### EXERCISE BRIEF
In the records below, begin at the line containing "Kyoukai Senjou no" and end at the line containing "K2 Kotlin 模式 Alpha"; quote every line in that span exactly, including both boundary lines, and no others.

### DATASET RECORDS
■ ■ ■ ■
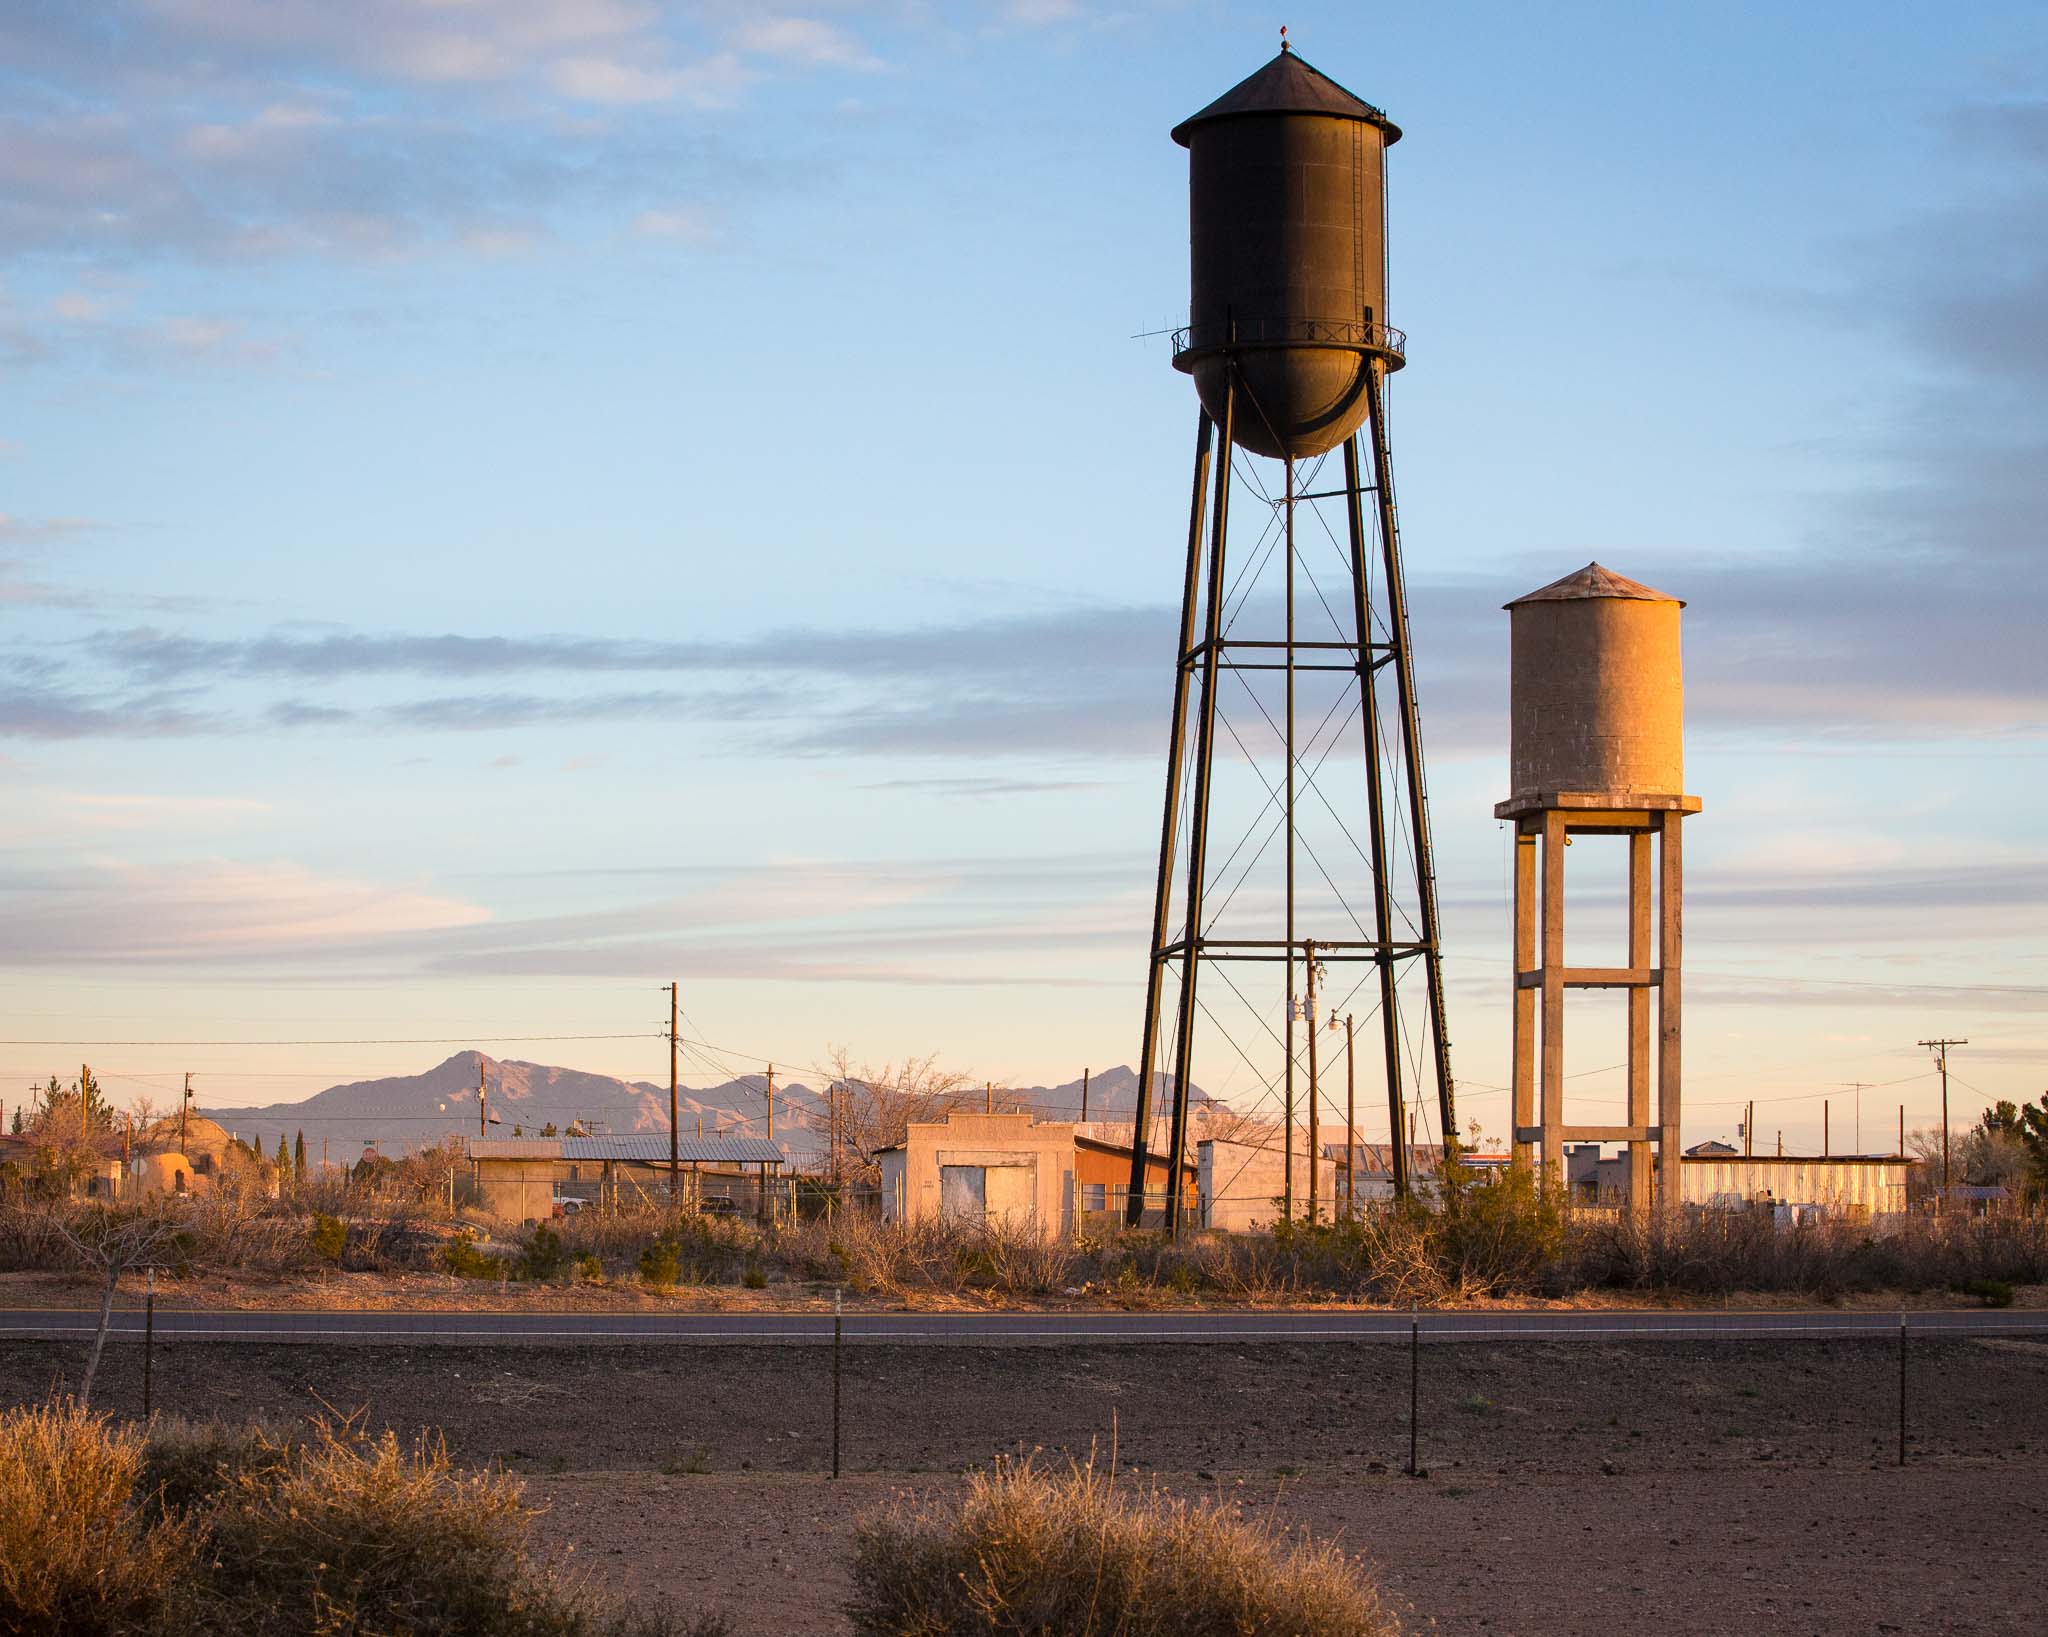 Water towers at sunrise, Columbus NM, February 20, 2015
■ ■ ■ ■
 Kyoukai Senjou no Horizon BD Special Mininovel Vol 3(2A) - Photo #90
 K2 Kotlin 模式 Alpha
■ ■ ■ ■
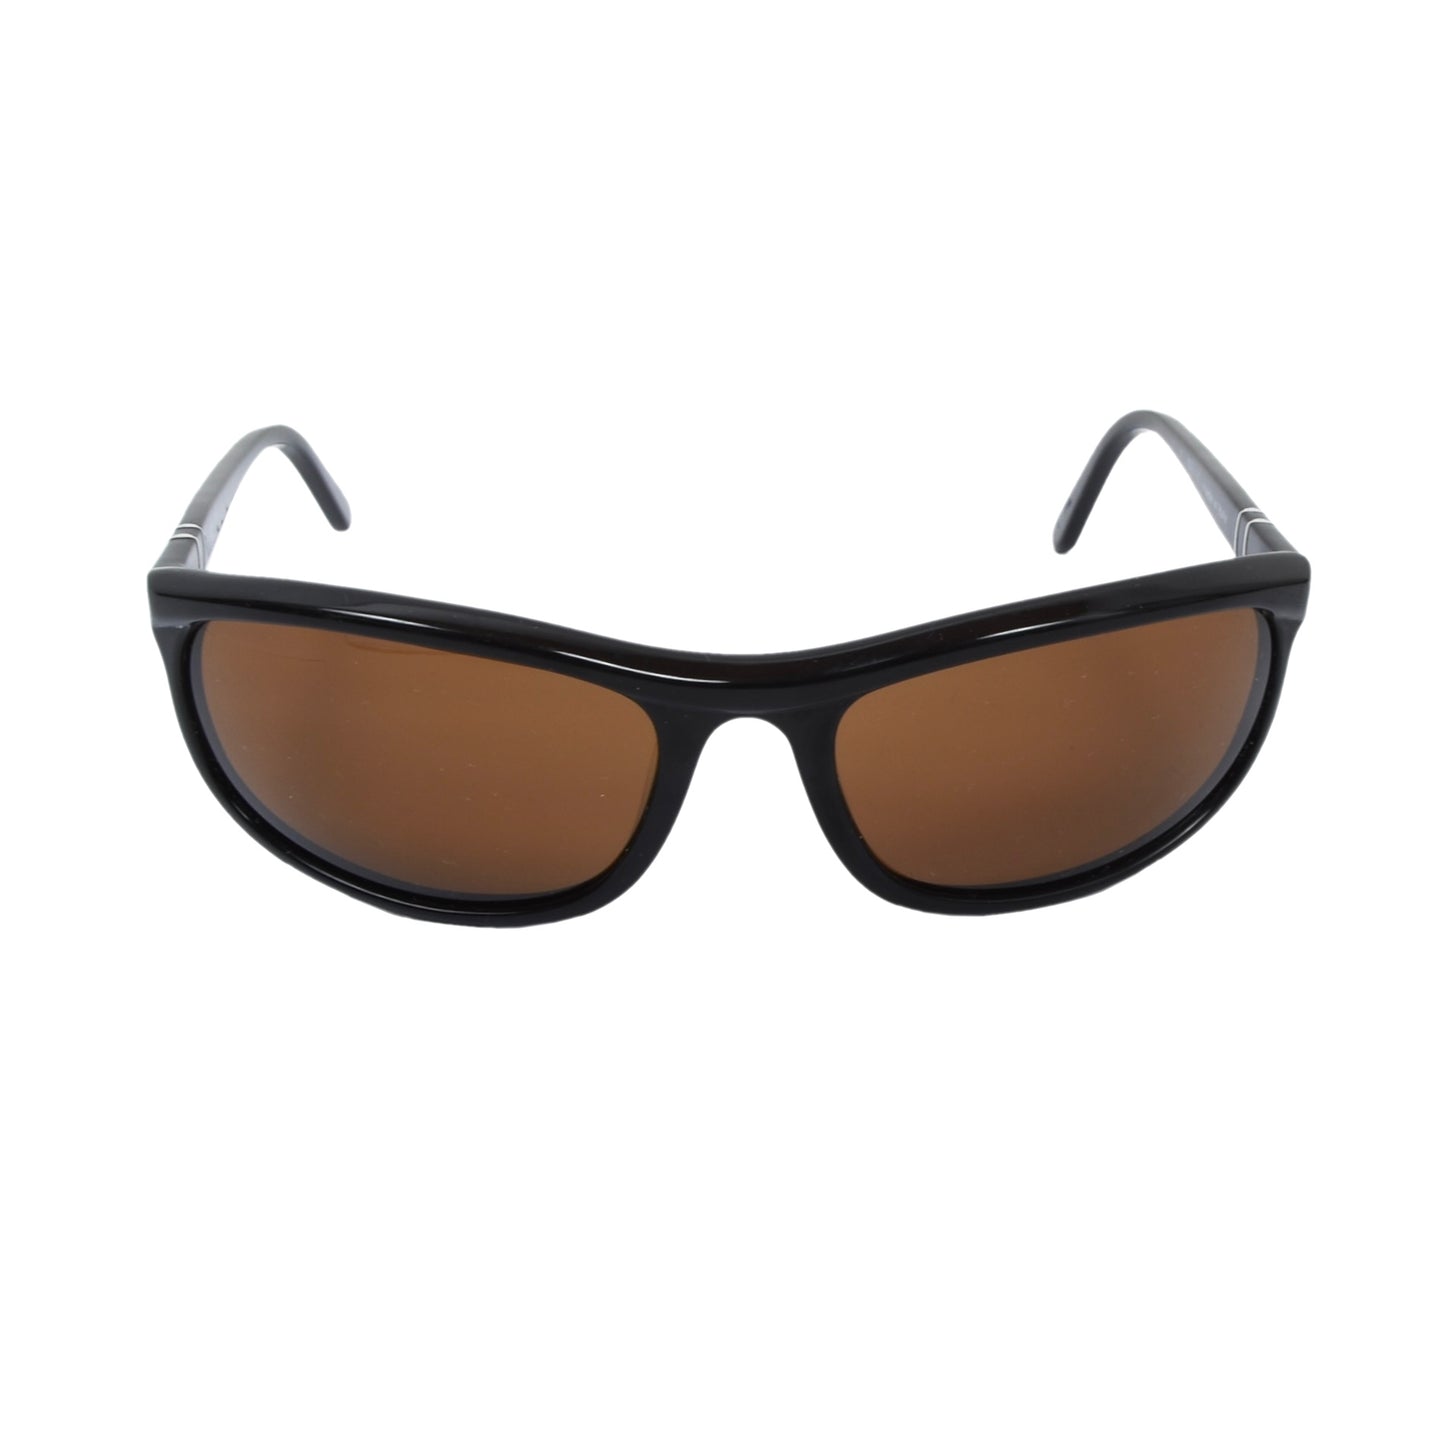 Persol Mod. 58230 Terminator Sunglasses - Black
■ ■ ■ ■
### RESPONSE
 Kyoukai Senjou no Horizon BD Special Mininovel Vol 3(2A) - Photo #90
 K2 Kotlin 模式 Alpha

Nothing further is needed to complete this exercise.